She left me a note on the kitchen table.
“Turn the oven on to 385 degrees at eleven o’clock. I really want it at 375, but that should get it there. Check the inside thermometer before you put the meatloaf in and adjust accordingly. Thanks! Love you!”
I know how to follow directions. The problem is, when I checked the inside thermometer fifteen minutes after starting it, the temperature was 425 degrees! The setting said 385—I was aiming for 375—but I got 425 instead.
There were no instructions for this!
I turned the oven setting down to 325. In a few more minutes I checked the thermometer again. It said 350.
Eventually, the meatloaf was cooked, but not without 2 smoke detectors going off, first one then the other filling the air with its obnoxious screeching.
She wondered if it was time to buy a new stove. That’s not the way I do things.
I wonder sometimes if she understands me.
I like new things. I do. It’s just that I take it as a personal affront if an appliance won’t fulfill its unspoken promise to function until it’s earned its keep. A stove should last twenty years, not six. That’s my expectation, anyway.
I did some research, finding that we merely needed to replace the temperature sensor in the oven. It was a fifteen-dollar part.
I ordered the part.
After it arrived yesterday, knowing I’d have to get to the back of the oven compartment, I began the repair by removing the door of the oven. Carrying the door into the living room I laid it carefully on the sofa, making an offhand comment about the greasy residue on the front glass.
By the time I made it back to the kitchen, she was laying old towels over the table there, asking me to bring the door back in so she could clean it.
The entire time I worked at replacing the sensor, she cleaned.

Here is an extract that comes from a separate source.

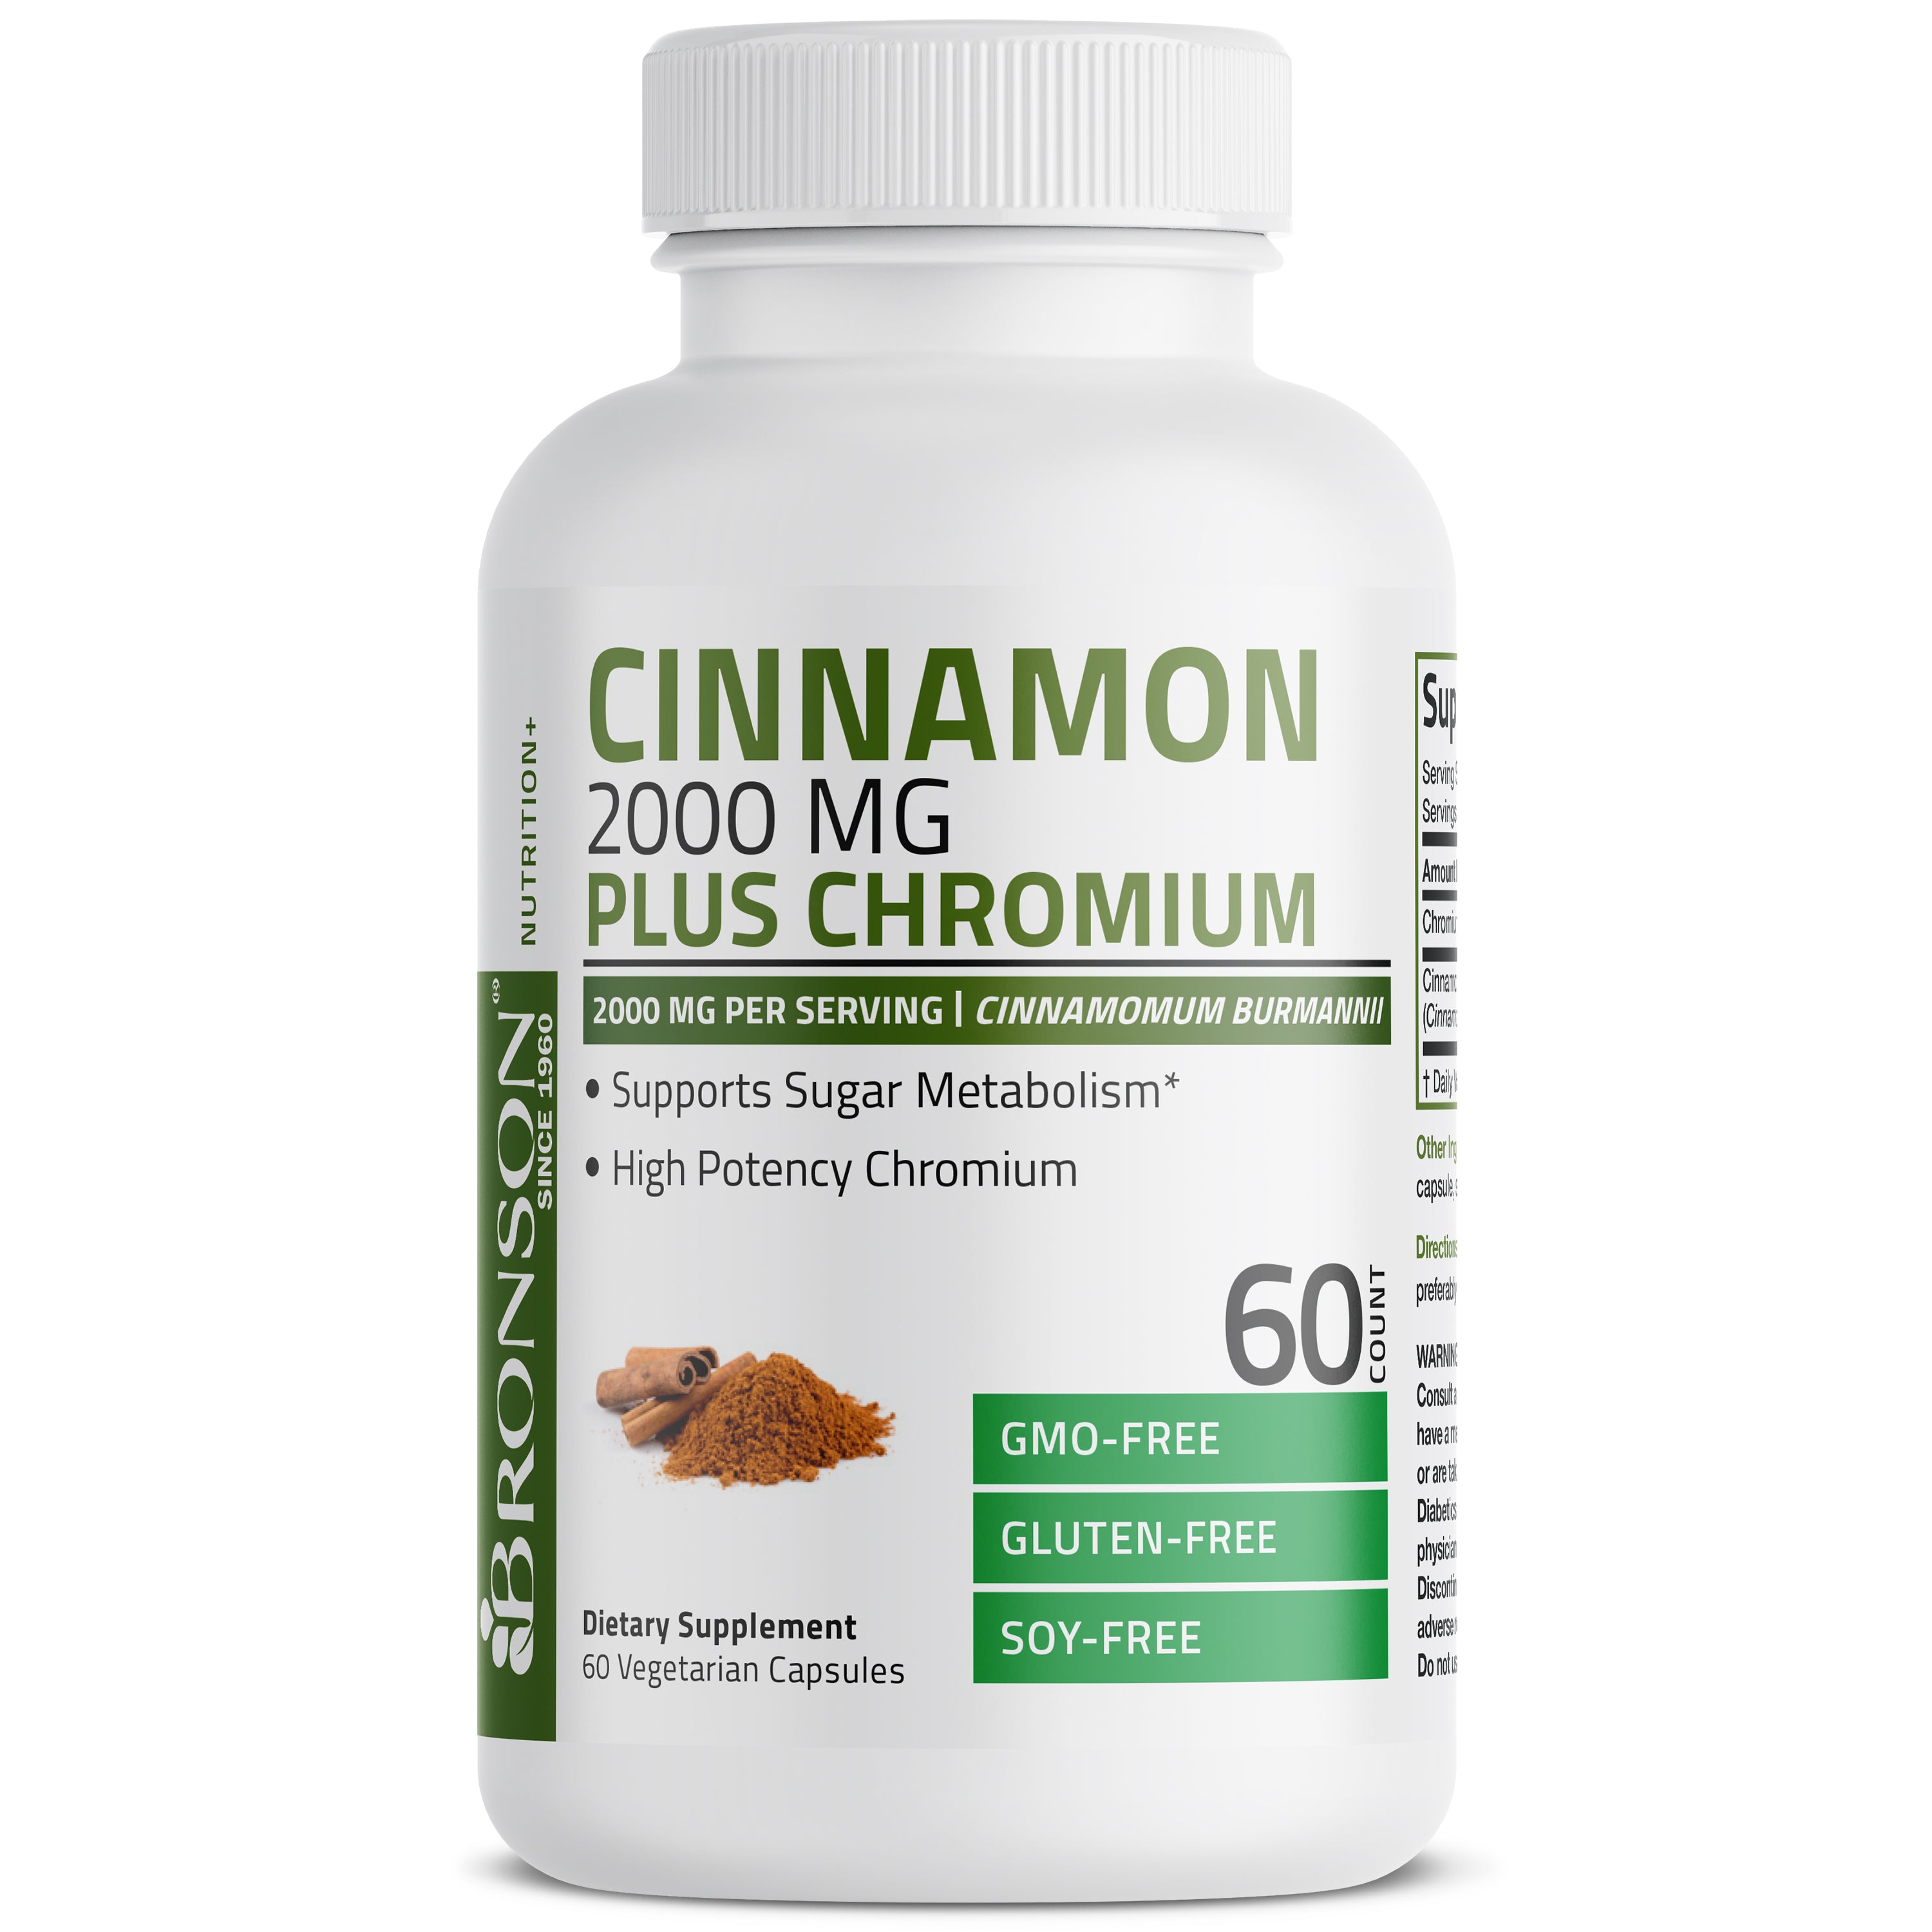 Cinnamon 2000 MG per Serving Plus Chromium

Eventually, I needed to slide the stove itself away from the wall to access the wiring under the back panel. As I moved the heavy beast, I noticed the debris around the edges of the flooring where the stove had been sitting. I made the mistake of mentioning it to the Lovely Lady, as she was finishing up on the oven door.
I swept the floor with a broom, thinking it would be good enough. I even picked up the meat fork that had dropped down there a few years ago.
Finishing up the wiring connection (and groaning loudly about the discomfort of squatting there for too long), I closed up the panel on the back. Coming back around to the front, I leaned back into the oven compartment to tighten up the screws that held the part fast to the back wall inside.
When I looked up again, the Lovely Lady was nowhere to be found. I was about to shove the stove back into its space when I realized she was on her hands and knees scrubbing the floor I had just swept.
I’m not sure I always understand her.
“No one is ever going to see that. Why are you wasting your time and effort?”
Even as I said the words, I remembered the ladies. Ladies in homes (and sometimes a man) where I had been called to move pianos in years past. For various reasons—perhaps they were moving, or redecoration required a temporary relocation, or I was buying the piano to resell—I often moved pianos for folks over the forty years I was in the music business.
Without fail, when my helpers and I moved the ultra-heavy pieces of furniture away from the wall, the lady of the house would gasp in embarrassment. When something sits in one place for years, dirt and debris tend to build up under and around it.
“No one expects you to clean under your piano,” I would always say, hoping to lessen their shame. It never helped.
Often, they would still be swiping at the back of the piano with a broom as we moved it out the doorway.
All that went through my mind in a flash after the words left my mouth. I shut up; then I went and sat down for a few moments to give her time to finish.
The oven works. For now. The day is coming when it won’t and we’ll pull it out of the little cubicle it’s sitting in to repair it again. Maybe, we’ll have to replace it the next time.
But for now, it works. And, it’s clean inside and out. And underneath it.
It’s clean.
Despite my nonchalance—my carelessness—it’s clean.
Why am I like that? Why do I think it doesn’t matter what kind of crud is there—out of sight? If it looks good, it must be good.
And yet, I hear the voice of The Teacher as he calls the religious leaders of His generation “whitewashed tombs”. (Matthew 23:27)
Clean and beautiful to the eyes of those passing by, but hidden inside, the stink and filth of death. Or maybe, like the kitchen, sparking clean to the eye, but with debris and crud—and a meat fork or two—lurking in the shadows.
He promises to make us clean. All clean. Inside and out.
But we can’t shove the stove back into place before it’s clean under there.
I’ve got to make a repair to the washing machine today, too.
I wonder what we’ll find under there.
“I don’t mind dying; I’d gladly do that. But, not right now. I need to clean the house first.”
(Astrid Lindgren)
Don’t you realize that those who do wrong will not inherit the Kingdom of God? Don’t fool yourselves. . .Some of you were once like that. But you were cleansed; you were made holy; you were made right with God by calling on the name of the Lord Jesus Christ and by the Spirit of our God.